4. **Data Cleaning**
   - **Removing Unwanted Columns**:
     - Sometimes datasets contain irrelevant columns that do not contribute to the analysis. Use the `drop()` method to remove these columns.
     - **Example**:
       ```python
       df = df.drop(columns=['unwanted_column1', 'unwanted_column2'])
       ```
   - **Handling Inconsistent Data**:
     - Inconsistent data, like differing formats or mixed types within columns, can affect analysis. Standardize formats, such as date formats, or convert strings to lowercase.
     - **Example (standardizing text format)**:
       ```python
       df['column'] = df['column'].str.lower()  # Convert all text to lowercase
       ```
   - **Changing Data Types**:
     - Convert columns to the appropriate data types (e.g., from string to integer) using the `astype()` method.
     - **Example**:
       ```python
       df['column'] = df['column'].astype(int)
       ```

5. **Practical Data Cleaning Workflow**
   - A typical data cleaning process involves:
     1. Identifying and handling duplicates.
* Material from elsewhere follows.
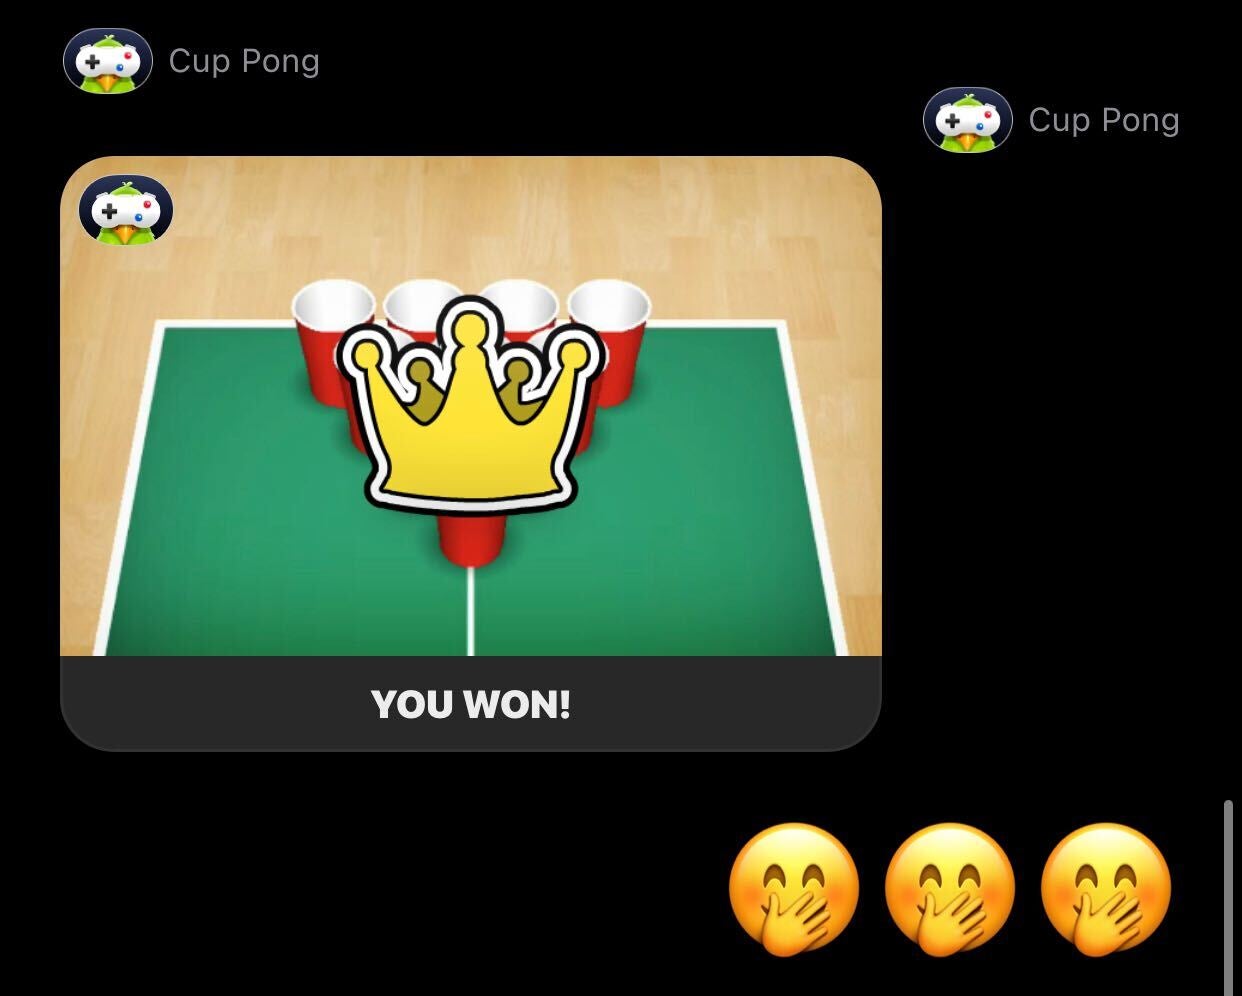 I won! (Screenshot: Kotaku)

     2. Checking for missing values and deciding on a strategy (e.g., drop or fill).
     3. Dropping unnecessary columns and standardizing data formats.
     4. Ensuring correct data types across columns.

### Exercises
- **Exercise 1**: Load a dataset and identify any duplicate rows. Remove duplicates and inspect the dataset to confirm.
- **Exercise 2**: Identify missing values in a dataset and try different strategies for handling them (e.g., dropping rows, filling with mean).
- **Exercise 3**: Practice converting data types and standardizing formats in a sample dataset to ensure data consistency.